The task: After locating the line with "19th century leather" in the entries below, output it and each following line up to and including the line with "Property from esteemed", exactly and without pictures.

Exercise material:
________________

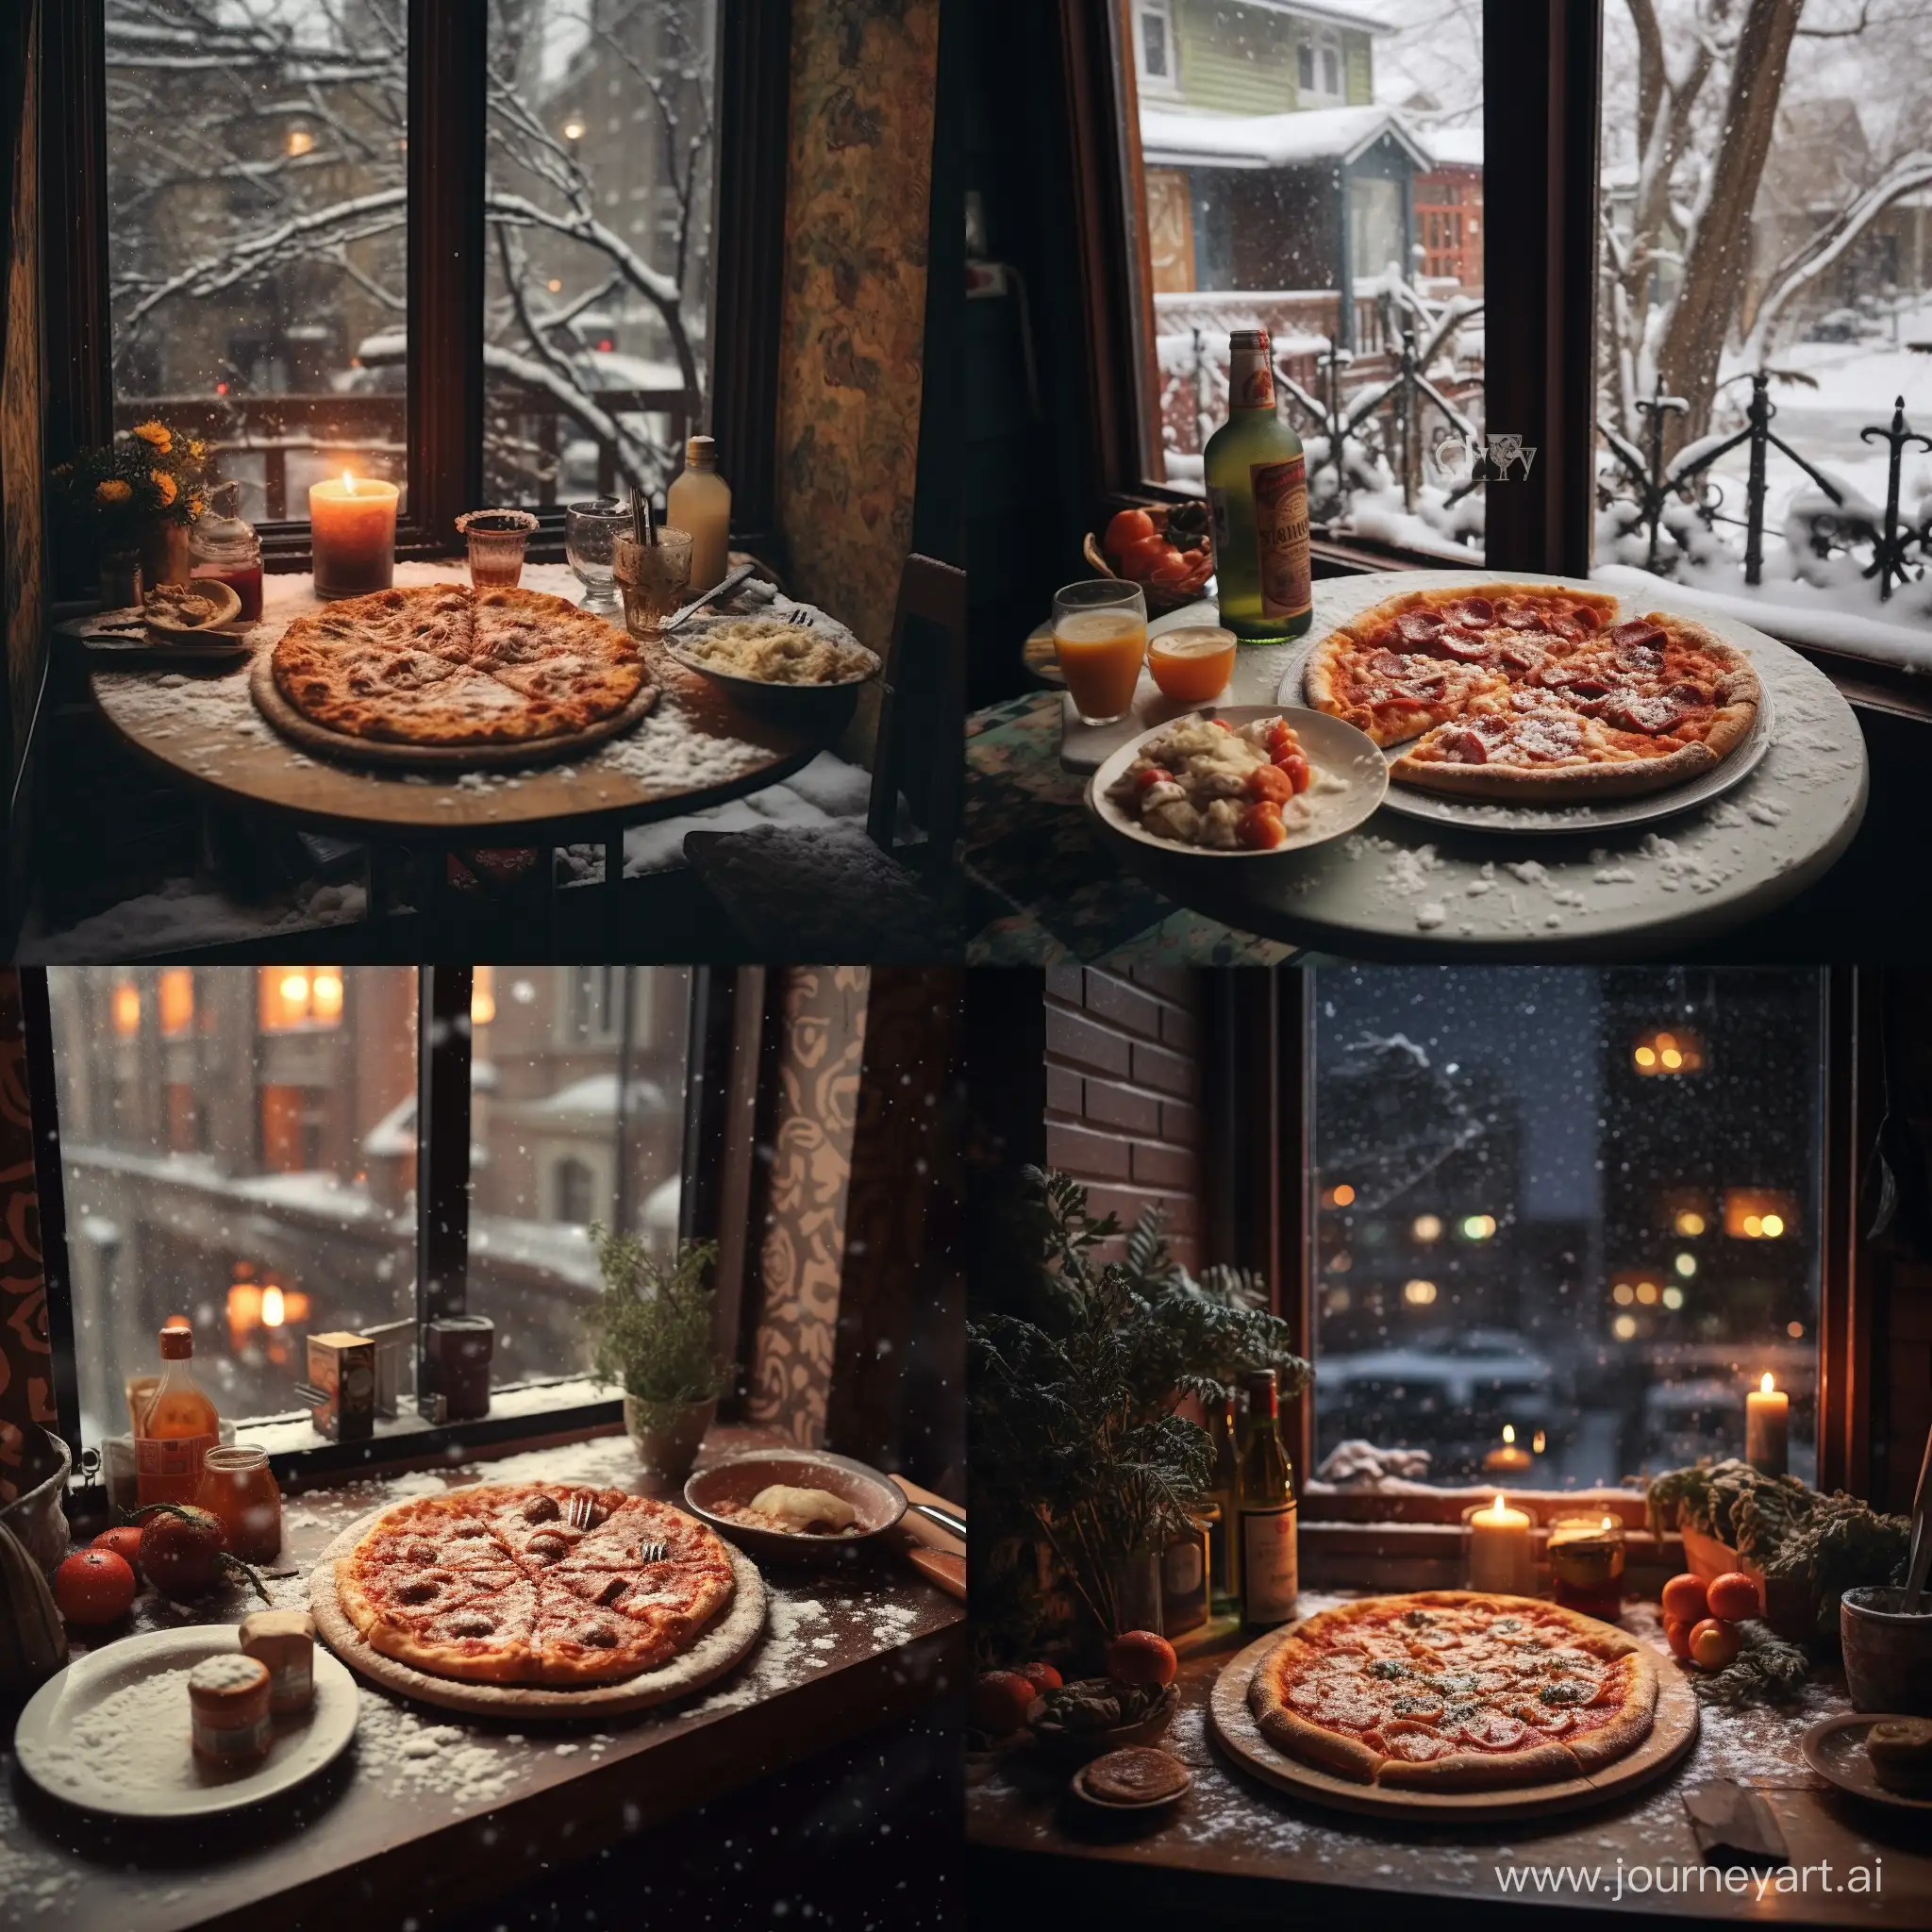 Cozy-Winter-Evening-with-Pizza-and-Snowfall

________________

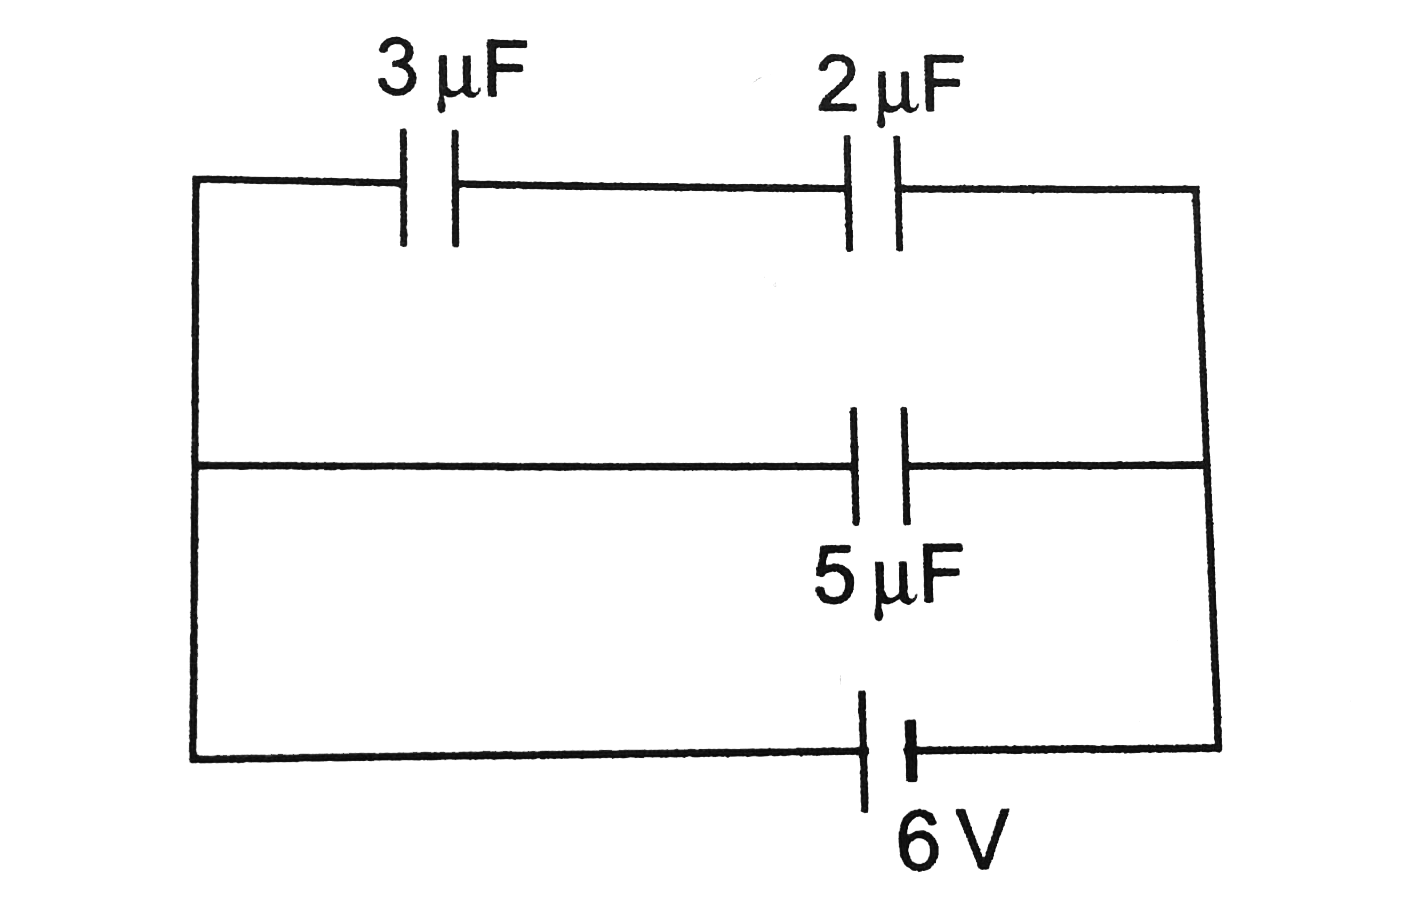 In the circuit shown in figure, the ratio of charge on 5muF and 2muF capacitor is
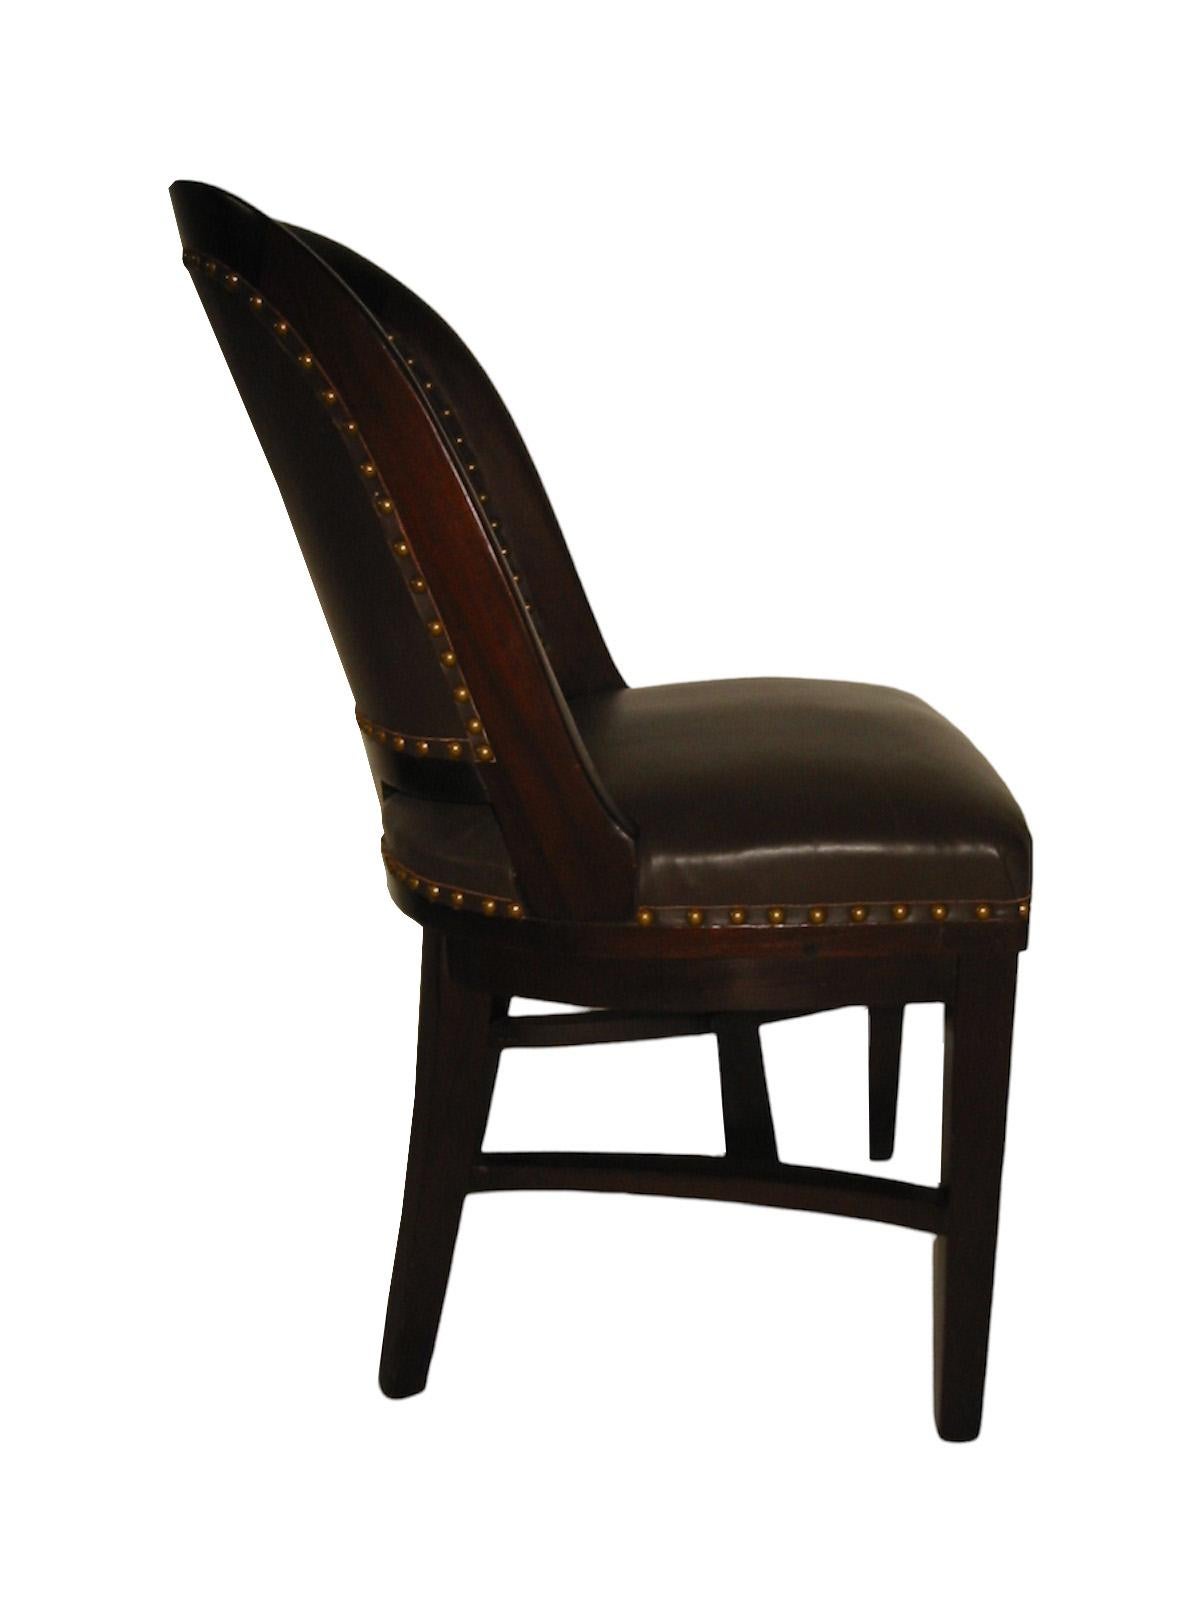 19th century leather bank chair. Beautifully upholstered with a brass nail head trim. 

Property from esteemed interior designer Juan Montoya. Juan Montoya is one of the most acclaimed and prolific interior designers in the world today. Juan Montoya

________________

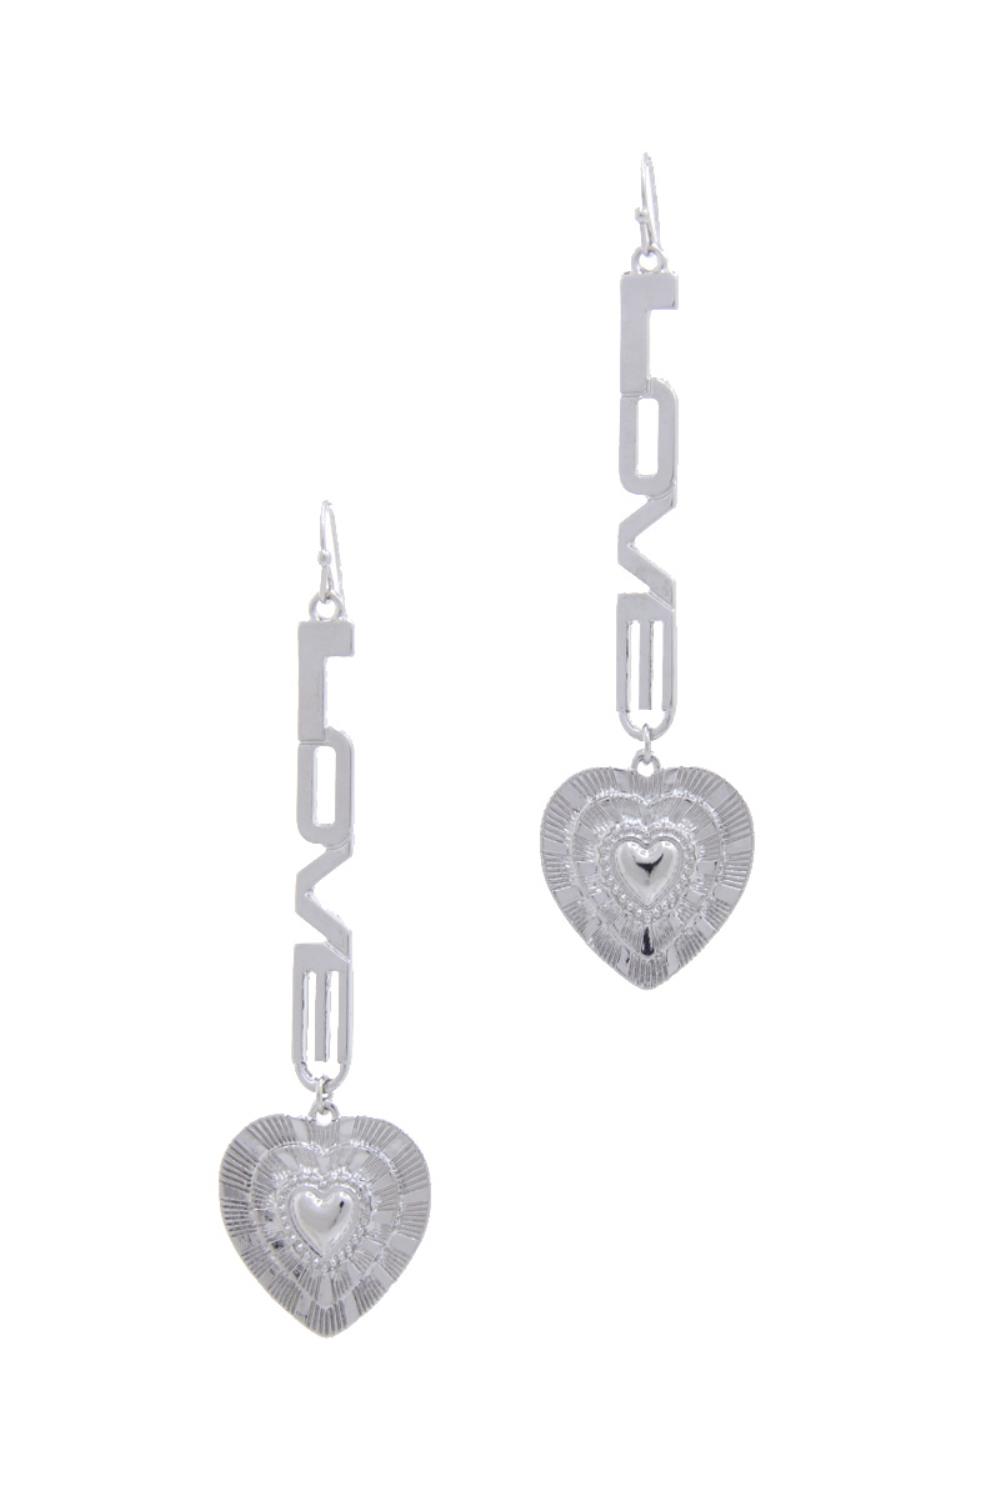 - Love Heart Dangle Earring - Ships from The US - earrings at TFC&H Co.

________________

Solution for this exercise:
 19th century leather bank chair. Beautifully upholstered with a brass nail head trim. 

Property from esteemed interior designer Juan Montoya. Juan Montoya is one of the most acclaimed and prolific interior designers in the world today. Juan Montoya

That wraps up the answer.